-- Opening Marker --
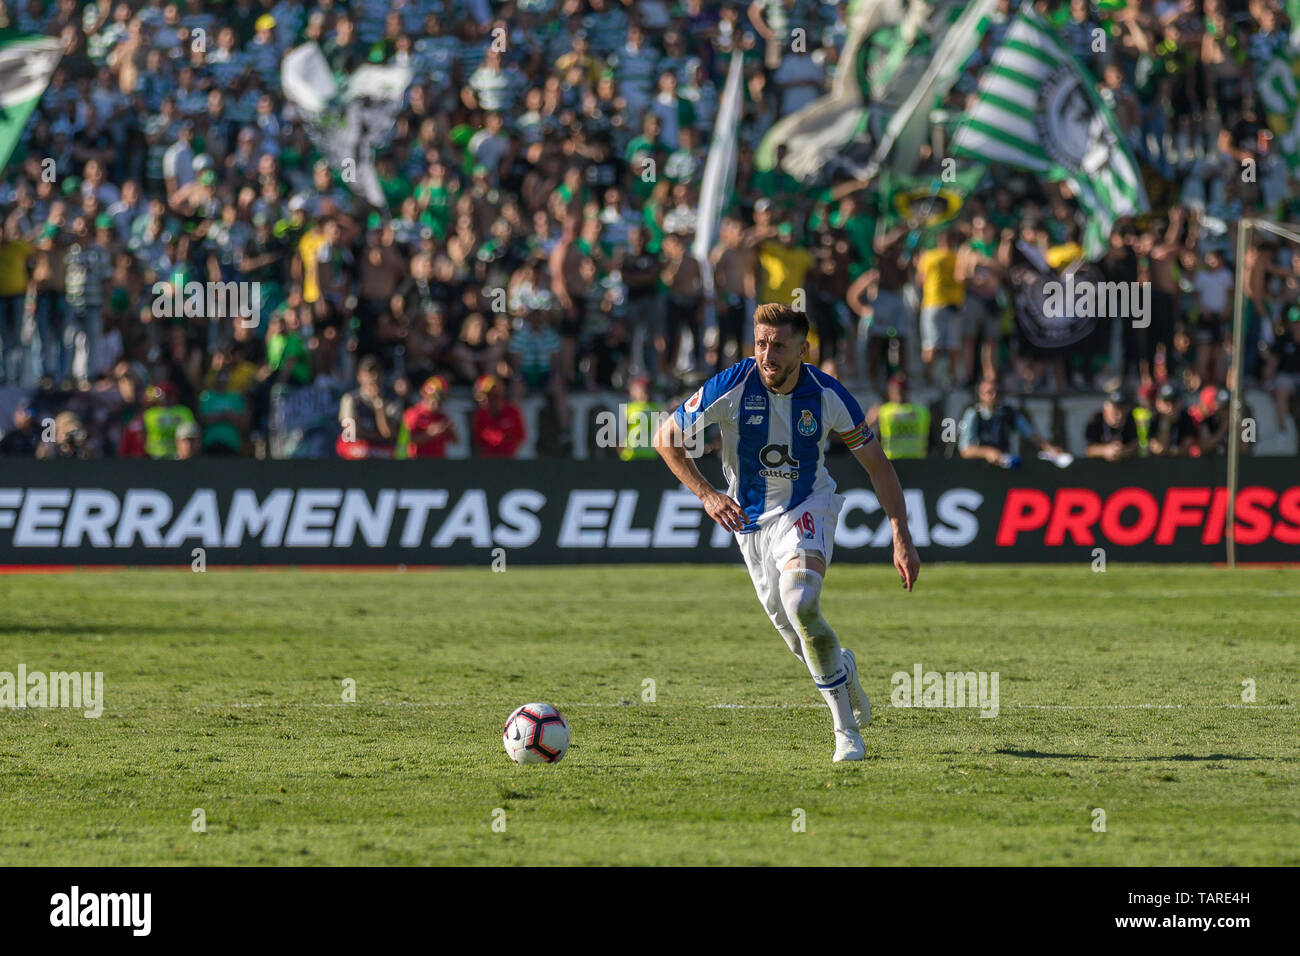 May 25, 2019. Oeiras, Portugal. Porto's midfielder from Mexico Hector Herrera (16) in action during the game Sporting CP vs FC Porto © Alexandre de Sousa/Alamy Live News Stock Photo
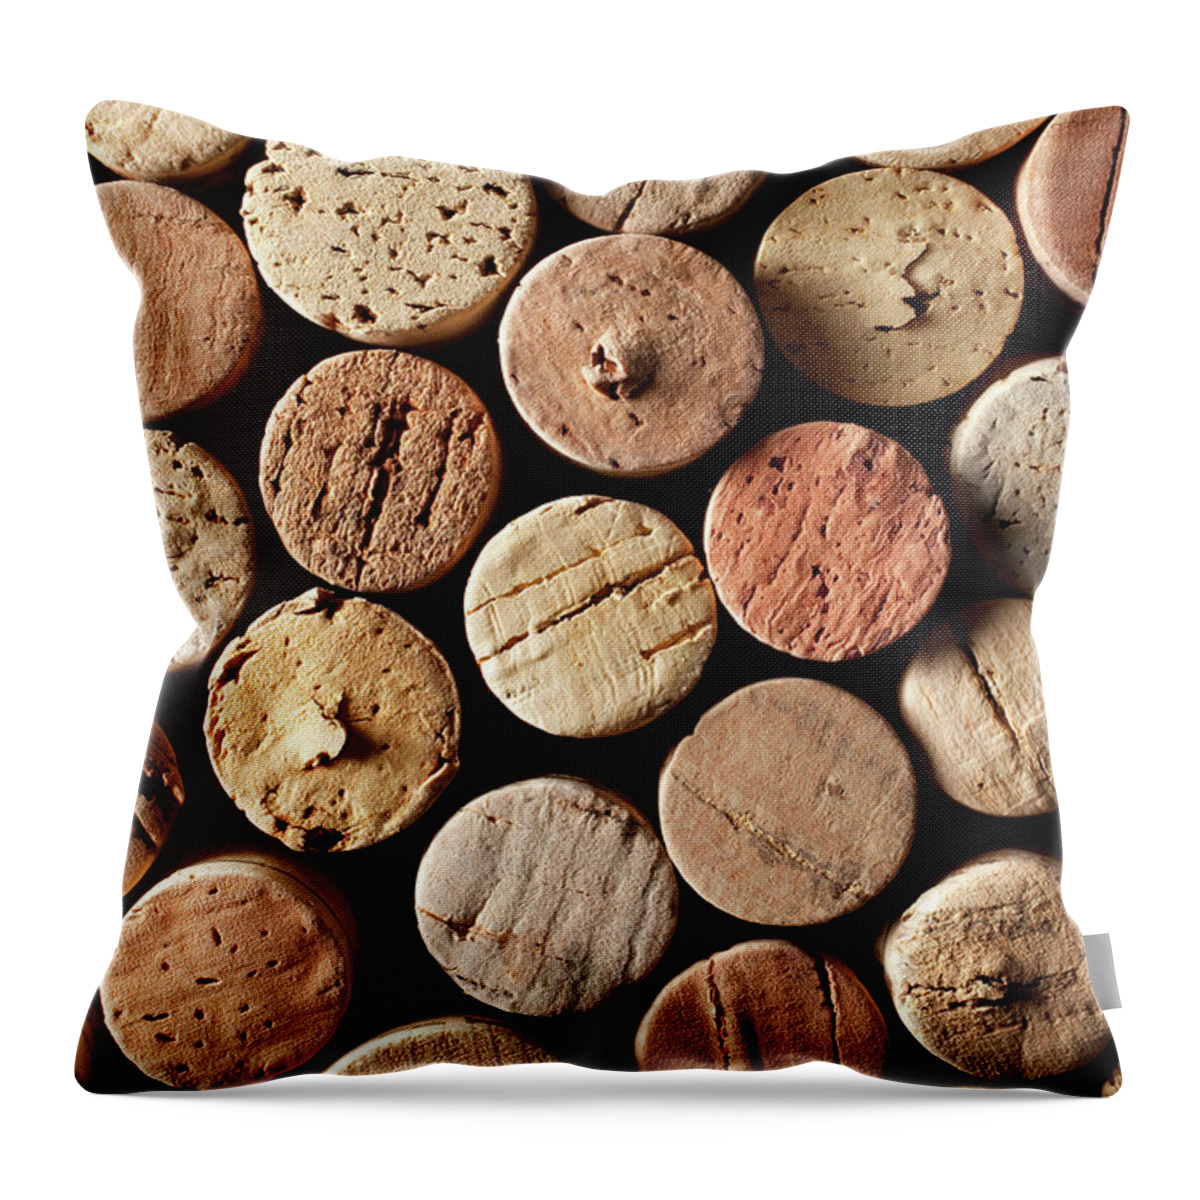 Alcohol Throw Pillow featuring the photograph Wine Corks #1 by Malerapaso
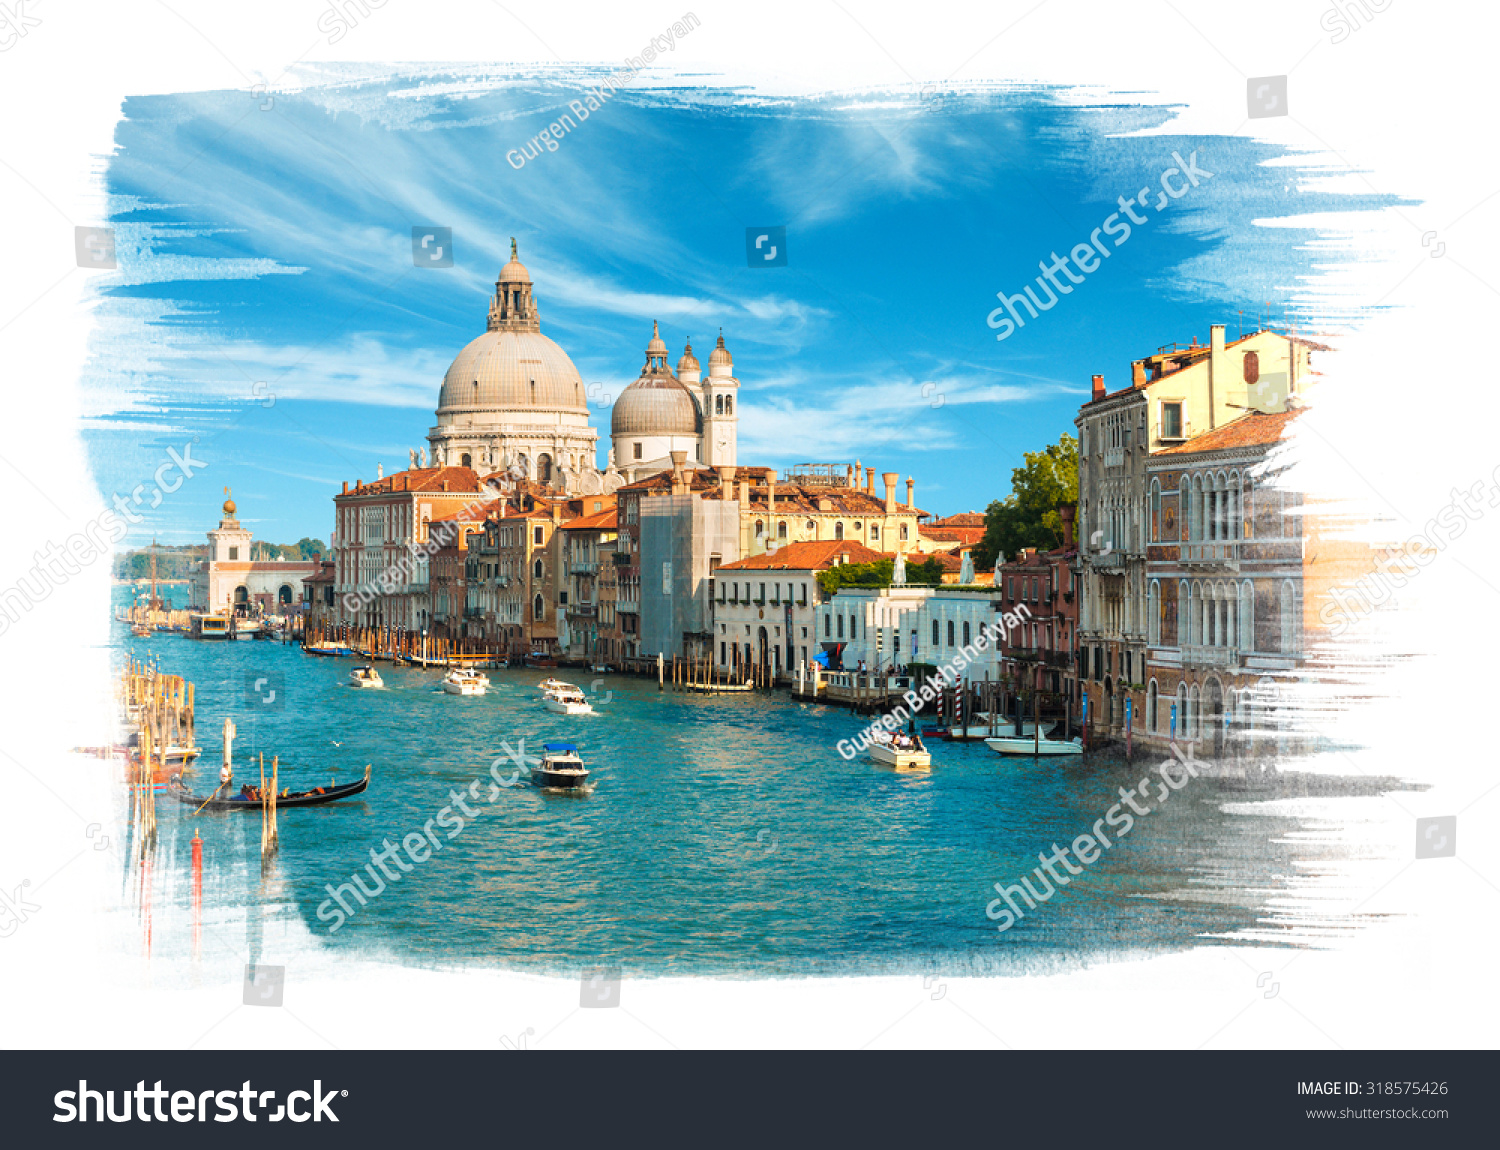 Painting of the Grand Canal and Basilica Santa Maria della Salute in the late evening, Venice, Italy #318575426
-- Closing Marker --
Your task is to restate word for word the lines from the line holding "Alcohol Throw Pillow" through the final line of the listing, both included, but none of the pictures.

## Task answer
 Alcohol Throw Pillow featuring the photograph Wine Corks #1 by Malerapaso
 Painting of the Grand Canal and Basilica Santa Maria della Salute in the late evening, Venice, Italy #318575426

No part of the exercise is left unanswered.